Yayımlanan ilk şiiri olan”Yad” ile her ne kadar gözlerini çocukluğuna çevirdiyse de onun gelecekte meşgul olacağı konuları daha sonra yazdığı şiirlerine bakarak anlamak kolaydır. Yad ile çocukluğunun geçtiği Ankara’da yaşadığı güzel günleri bir anlamda yad eder. Derin bir özlem hissinin izlerini gördüğümüz 'YAD', Turgut Uyar şiirine giriş niteliği taşır. Bu şiiri ilk olarak 1947 yılında Yedigün dergisinde yayımlanır. Ardından katıldığı Kaynak dergisinin açtığı bir şiir yarışmasında Arz-ı Hal ile ikinci olur. Arz-ı Hal’de Allah’a seslenen Uyar, "Benim gibi kulun çok dünyada, Allahım!.. Eğer bilmiyorsan işte, haberin olsun. Ekmek derdi, aşk derdi unutturdu seni. İnsan hatırlamıyor dün ne yediğini. Zaten yediğimiz ne ki hatırda dursun? Benim gibi kulun çok dünyada Allahım!..” der.
Yaşamı boyunca bir çok şiir yazdı. Çoğunlukla ölüm, yalnızlık gibi konuları işledi. En yoğun yaşadığı duygular bunlar olmalı. Dönem dönem toplumsal ve siyasal mesajları içeren şiirler de yazmasına rağmen politik bir yazar olduğunu söylemek güçtür. “Açlık çoğunluktadır”, bu şiirlerin başında gelir.
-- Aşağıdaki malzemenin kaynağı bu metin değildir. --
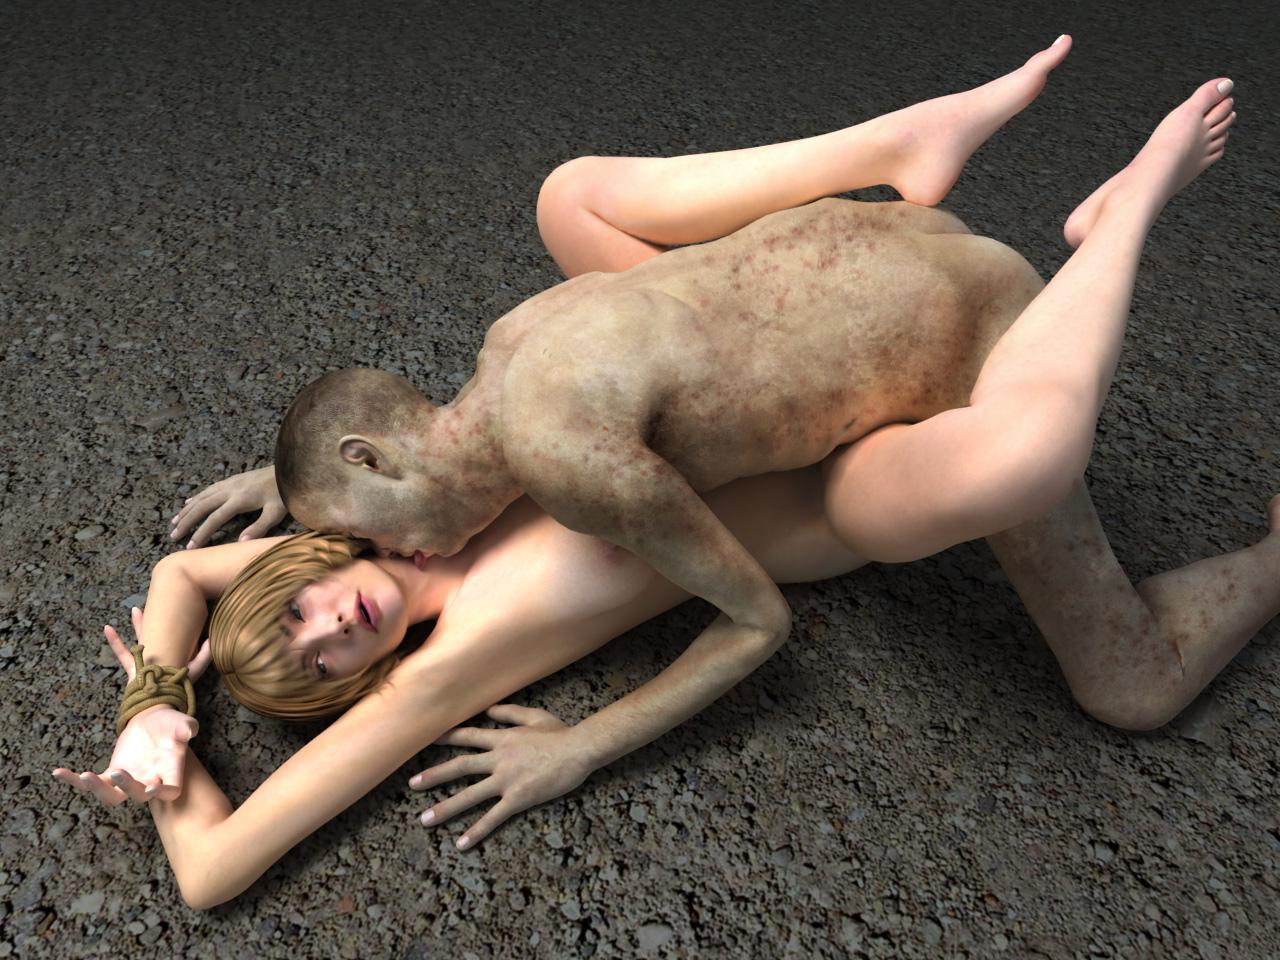 3d human pig porn sex images

“İşte o zaman diyorum ki -
Gelişin şen olsun senin
Her şey esirgesin seni
Çünkü açlık çoğunluktadır
Ve ezecektir gücüyle dünyayı
İkimize bir aşk elbette yetmez
Türlü şeylerin savunulduğu
Diriliğe eşitliğe yokluğa
Artık ayıp olan tokluğa
Çünkü açlık çoğunluktadır açlık”
Şiir boyunca küresel sisteme yönelik yaptığı eleştirilerini son dizelerinde umut ve değişim isteğiyle noktalar. Uyar’ın zorlayıcı bir yaklaşıma sahip olduğunu birçok şiirinde görmek mümkündür. Ölümünden önce Enver Ercan’a verdiği bir mülakatta bunu şöyle ifade eder:
“Ben şiirde ustalaşmaya korkulu olarak bakmıştım. Hala aynı kanıdayım. Şiirde ustalığı bir kolaylık olarak düşünemez miyiz? “Ben ne yazsam şiir olur kuruntusunu? “Söylemek istediğim her şiire, şiire yeni başlamanın titremesiyle yaklaşmak. Şiirimiz, ustalığına inanmış nice ünlü şairin kendisinden çektiği kopyalarla doludur. Asıl ustalaşma, belki de tehlikenin ayrımına varıldığı anda başlar. Bunun da korkulacak yanı yoktur."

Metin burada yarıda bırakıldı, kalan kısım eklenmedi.